小委員会委員はすべて策定会議の中から選任された。その点からは、主張が退けられた。
 小委員会が選択肢に関する判断をするのではない限定的な作業を行なうことは、むしろ原則的であり、第3回策定会議への提出資料に書いた考えと同様である。作業の詳細はこれから決まっていく。とはいえ、予想されることは、経済性比較をするうえでの前提条件を定めることが大きな問題となるだろう。私にとっては、また、脱原発派としても不慣れなことであり、これはなかなか難儀な作業だ。

核燃料サイクルについての4つの政策的選択肢

 この日、事務局から4つの取りうる選択肢が提案された。
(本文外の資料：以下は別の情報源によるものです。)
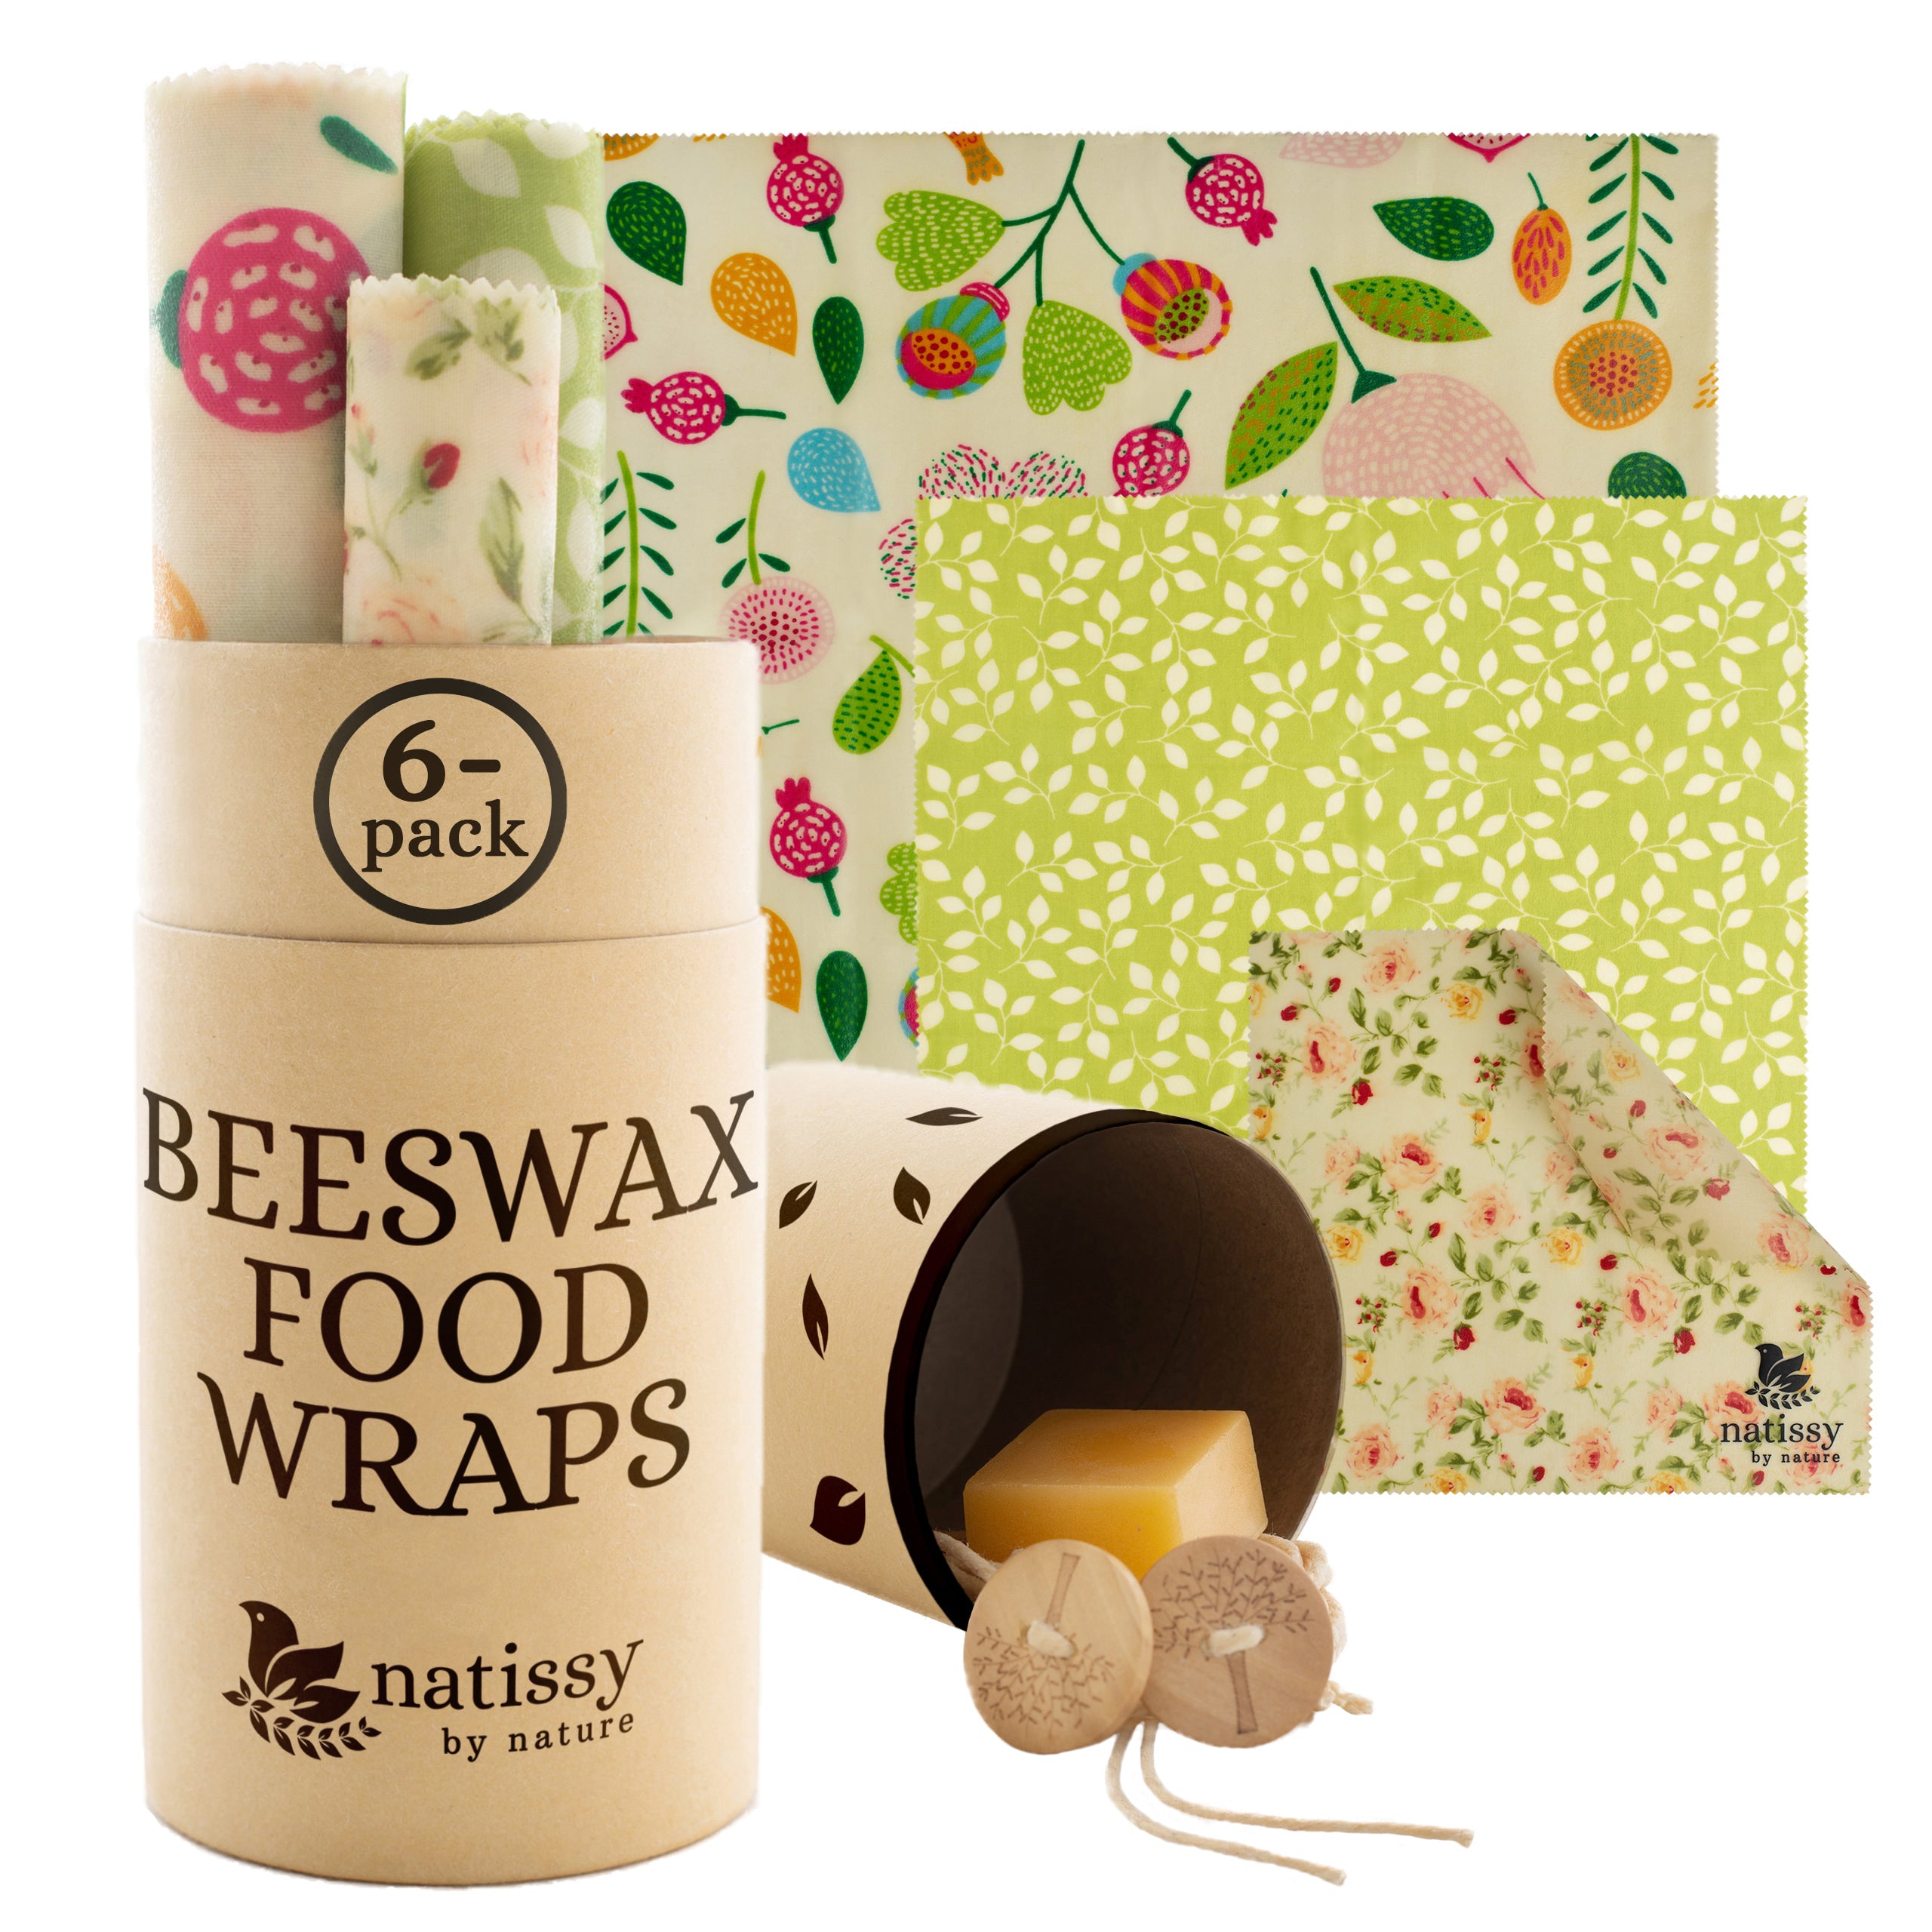 DIY Beeswax Wraps - Make these Easy Reusable Food Wraps

建設中の六ヶ所再処理工場を目の前において、取りうる現実的な路線を考えると4つが出てくるので、ある意味ではただ、並べただけと言えるだろう。だが、私は3つに絞って提案した。簡単に言えば、進めるか、モラトリアムするか、やめるかである。事務局案は’進めるか’を二つに分けていた。つまり、全量再処理するか、六ヶ所分だけ再処理して後は直接処分にするか、である。これまでどおりの全量再処理政策は継続困難と考え選択肢から外したが、彼らは丁寧にも加えている。こうして、(1)全量再処理(2010年ころに判断する方針だったが、一足先にすることになる)、(2)六ヶ所能力分の再処理と残りは直接処分、(3)全量直接処分、(4)モラトリアムである。(2)以降は中間貯蔵が伴うことになる。ただ、集中的な中間貯蔵か各サイトでの貯蔵かは、原発からの撤退をどのように進めていくかによって決まってくるだろう。
 委員からの発言で興味深かったことは、(4)のモラトリアムに対する批判が予想外に強かったことである。モラトリアムという選択肢に批判が集中した。実に8名の委員が、長期計画に入る選択肢ではないとか、責任もって決める選択肢ではないなどなどの批判が相次いだ。事務局案が当面貯蔵といった言い方になっているので、当面という用語に受け取り方の幅がありすぎたのかもしれない。しかし、再処理が有利になるまで貯蔵すると言うのは、推進側にとっては現実的な選択肢であると思う。いずれにせよ、これらは、とりうる選択肢の総合的評価をすることが確認されているので、その段階で主張すればよいことだ。
 結論が先に主張されるケースはこれ以外にも多いのに驚いている。